The Open Thread posted at the beginning of the month has gotten really, really big, so I've gone ahead and made another one. Post your new discussions here!
This thread is for the discussion of Less Wrong topics that have not appeared in recent posts. If a discussion gets unwieldy, celebrate by turning it into a top-level post.
Maybe I'm crazy but all that doesn't sound so hard.
More precisely, there's one part, the solution to which should require nothing more than steady hard work, and another part which is so nebulous that even the problems are still fuzzy.
The first part - requiring just steady hard work - is everything that can be reduced to existing physics and mathematics. We're supposed to take the human brain as input and get a human-friendly AI as output. The human brain is a decision-making system; it's a genetically encoded decision architecture or decision architecture schema, with the parameters of the schema being set in the individual by genetic or environmental contingencies. CEV is all about answering the question: If a superintelligence appeared in our midst, what would the human race want its decision architecture to be, if we had time enough to think things through and arrive at a stable answer? So it boils down to asking, if you had a number of instances of the specific decision architecture human brain, and they were asked to choose a decision architecture for an entity of arbitrarily high intelligence that was to be introduced into their environment, what would be their asymptotically stable preference? That just doesn't sound like a mindbogglingly difficult problem. It's certainly a question that should be answerable for much simpler classes of decision architecture.

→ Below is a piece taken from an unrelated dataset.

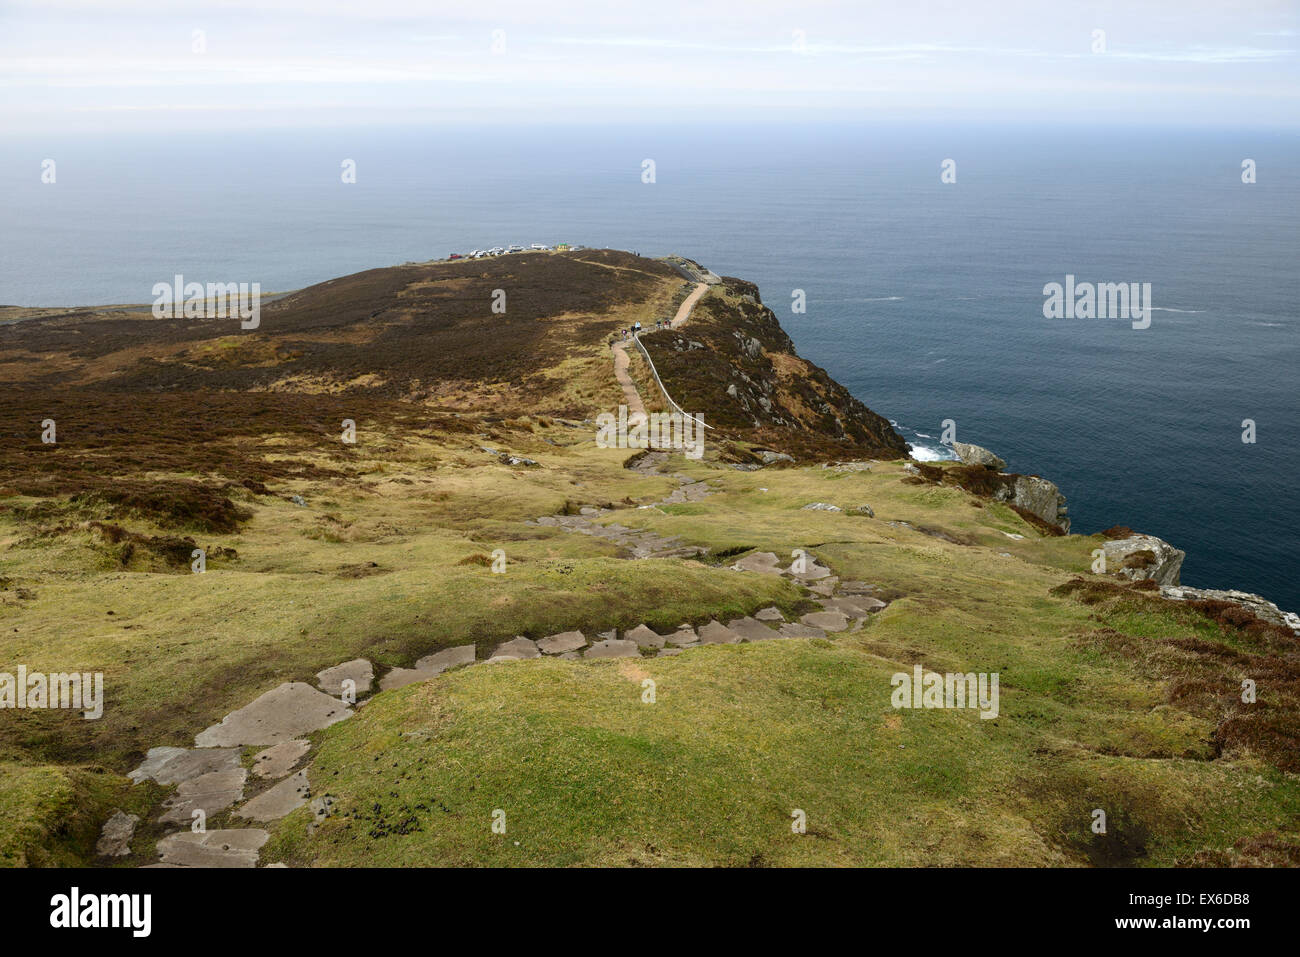 Falaises Slieve League Donegal seascape paysage sud-ouest du chemin plus haute chute en Europe 600m vue sur l'océan Atlantique RM L'Irlande Banque D'Images

So it seems to me that the main challenge is simply to understand what the human decision architecture is. And again, that shouldn't be beyond us at all. The human genome is completely sequenced, we know the physics of the brain down to nucleons, there's only a finite number of cell types in the body - yes it's complicated, but it's really just a matter of sticking with the problem. (Or would be, if there was no time factor. But how to do all this quickly is a separate problem.)
So to sum up, all we need to do is to solve the decision theory problem 'if agents X, Y, Z... get to determine the value system and cognitive architecture of a new, superintelligent agent A which will be introduced into their environment, what would their asymptotic preference be?'; correctly identify the human decision architecture; and then substitute this for X, Y, Z... in the preceding problem.

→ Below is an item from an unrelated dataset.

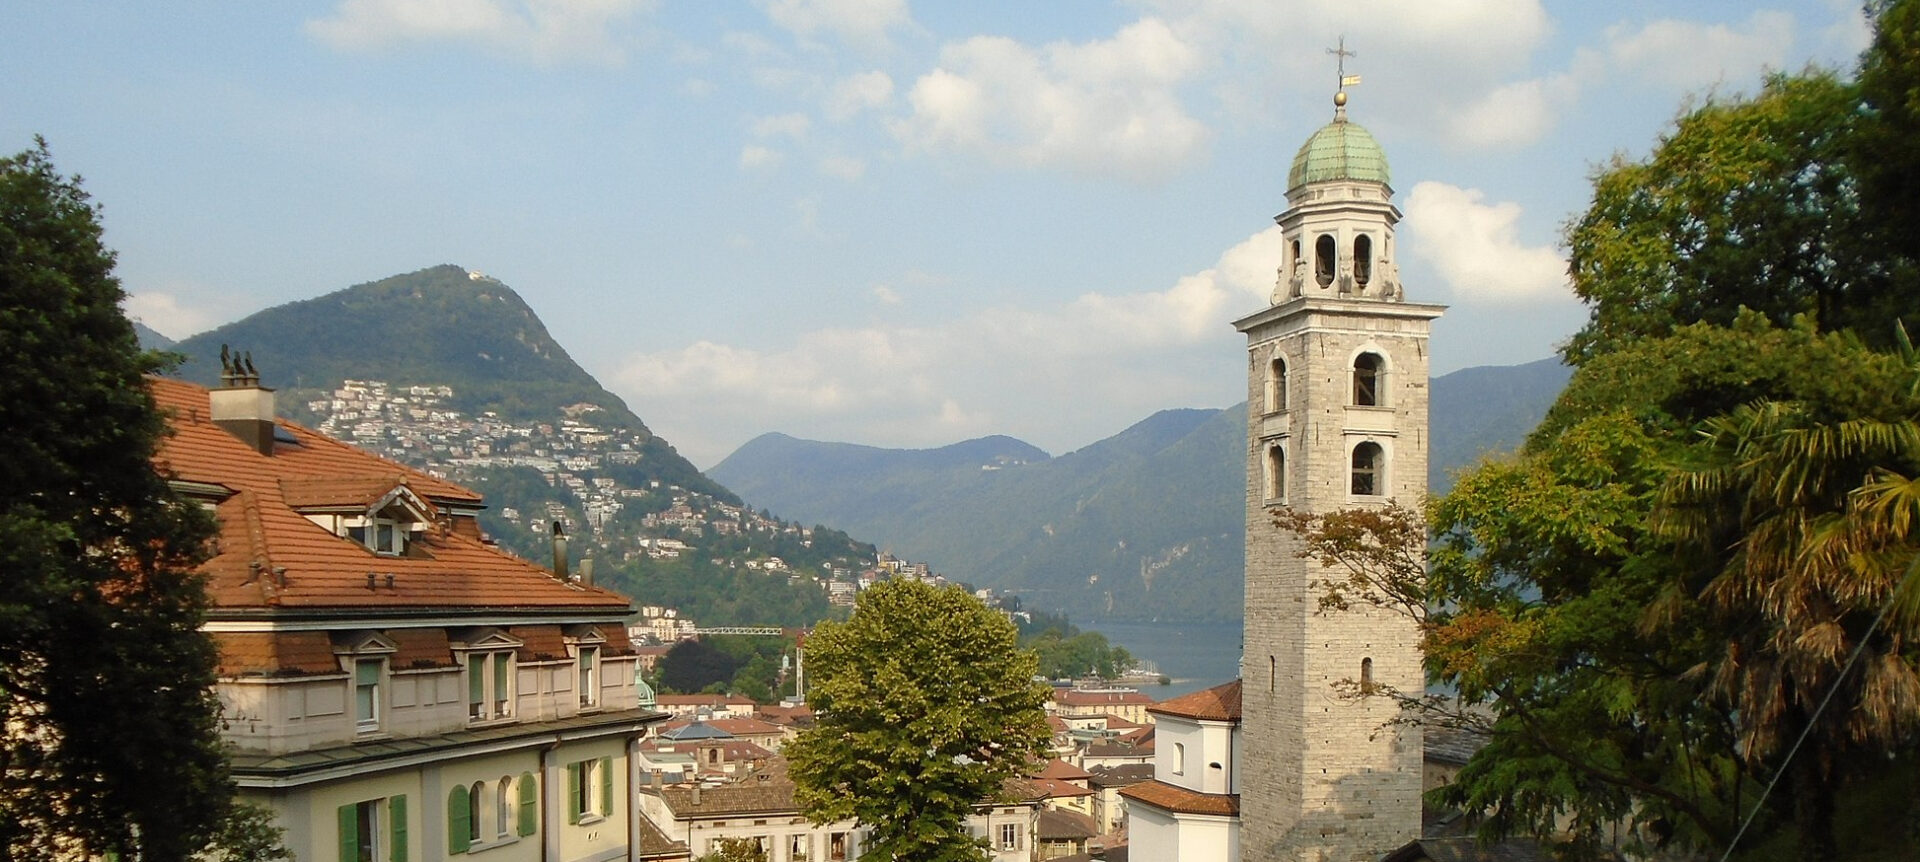 Les règles de nomination de l'évêque de Lugano sont controversées | photo: clocher de la cathédrale San Lorenzo de Lugano © Wikimedia Commons

That's the first part, the 'easy' part. What's the second part, the hard but nebulous part? Everything to do with consciousness, inconceivable future philosophy problems, and so forth. Now what's peculiar about this situation is that the existence of nebulous hard problems suggests that the thinker is missing something big about the nature of reality, and yet the easy part of the problem seems almost completely specified. How can the easy part appear closed, an exactly specified problem simply awaiting solution, and yet at the same time, other aspects of the overall task seem so beyond understanding? This contradiction is itself something of a nebulous hard problem.
Anyway, achieving the CEV agenda seems to require a combination of steady work on a well-defined problem where we do already have everything we need to solve it, and rumination on nebulous imponderables in the hope of achieving clarity - including clarity about the relationship between the imponderables and the well-defined problem. I think that is very doable - the combination of steady work and contemplation, that is. And the contemplation is itself another form of steady work - steadily thinking about the nebulous problems, until they resolve themselves.
So long as there are still enigmas in the existential equation we can't be sure of the outcome, but I think we can know, right now, that it's possible to work on the problem (easy and hard aspects alike) in a systematic and logical way.